These hypocrisies had been enough to stir righteous indignation among the Masons in the Southwest—especially Charles Bent and Ceran St. Vrain. They found the church, and especially the infamous Padre Martinez (who all in the Bent & St. Vrain Company later blamed for Charles's death), opposing them and their influence at every turn.

But if the goals of the Masons and other fraternal organizations embraced the application of reason, then why advance such goals with a mechanism so irrational as ritual? Throughout the United States in the nineteenth century, middle-class men, often the leaders of their communities, expended a great deal of time and money on obsessive participation in what seem sophomoric rituals.

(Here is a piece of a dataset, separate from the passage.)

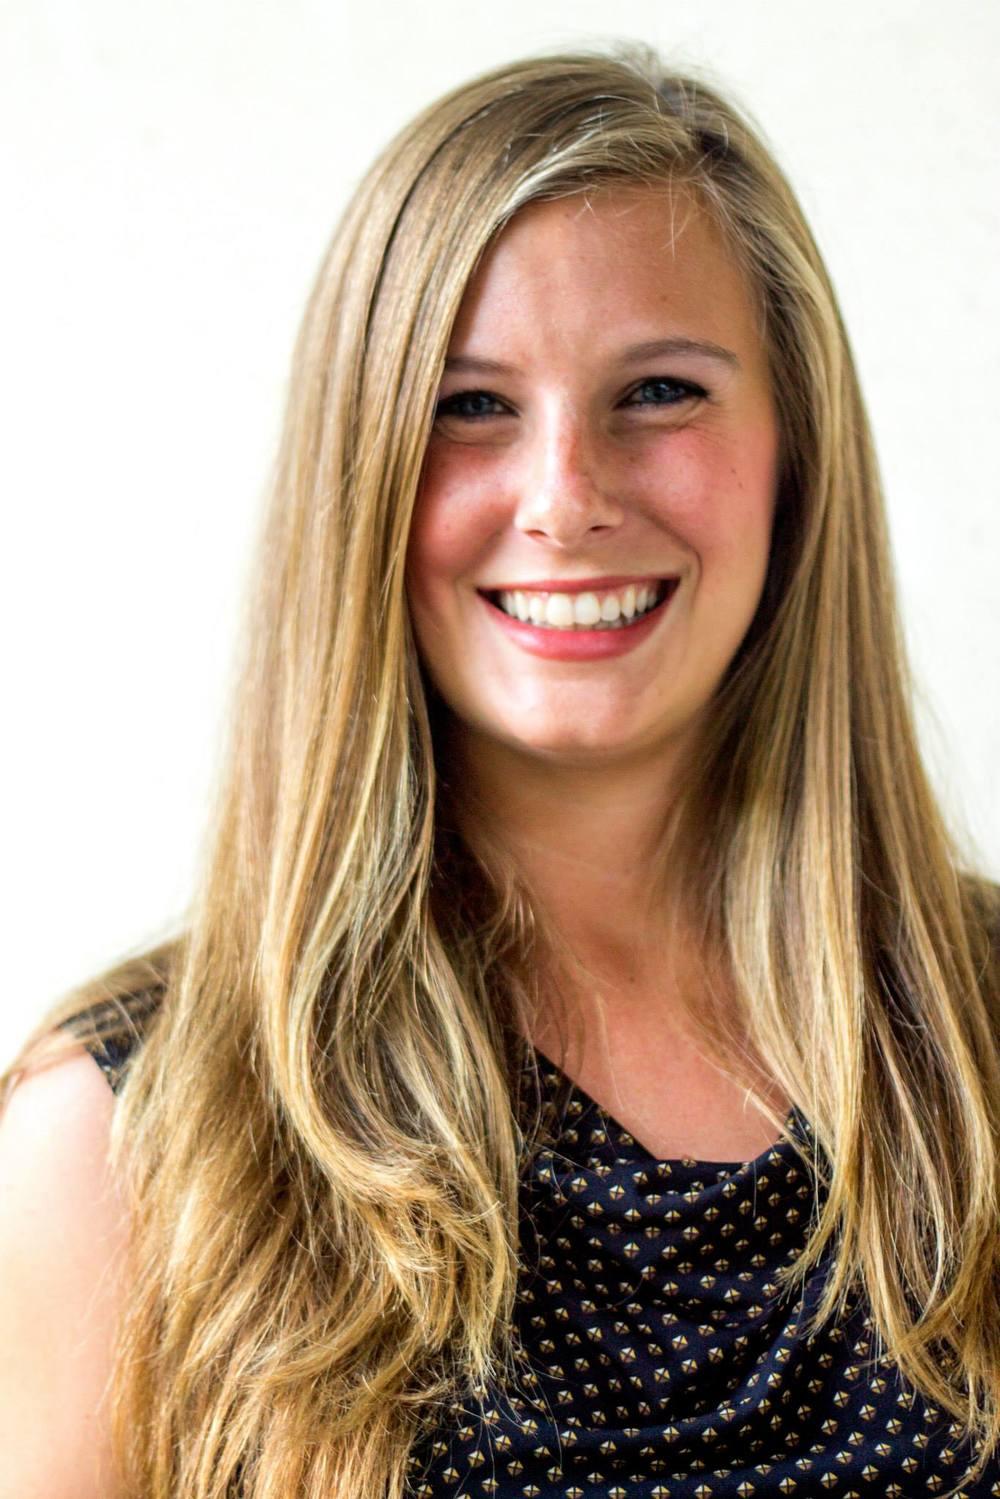 Chelsea McCorvey

It was Carnes's thesis that although there were evident advantages to the creation of a bond with what amounted to the most influential group of individuals in many towns, it was the ritual activity itself that was the great attraction in secret societies. He noted that rituals were typically so elaborate that they left little time for anything but participating in or witnessing them. Contrary to popular belief, secret society meetings, especially during the later nineteenth century, were not given over to drinking and socializing. Carnes thought that, for nineteenth-century males, "in some sense the present had proven barren, devoid of emotional and intellectual sustenance."[23] By looking to a mythological past, fraught with symbolism, men could reclaim meaning for their lives. Even their participation in modernity was transformed into a kind of calling. Opposition from organized religious groups, notably the Catholics, was stimulated when it became known that the Masons and similar organizations taught that redemption depended upon the exercise of the human capacity for reason.[24] Middle-class experience could resonate meaningfully with reference to the mythology provided by the secret societies:

An arch in a railway station might bring to mind the temple of Soloman, an onerous business contract might gain meaning as a form of Babylonian captivity, and a business reverse could be seen as the "rough and rugged road" on the return to Jerusalem.[25]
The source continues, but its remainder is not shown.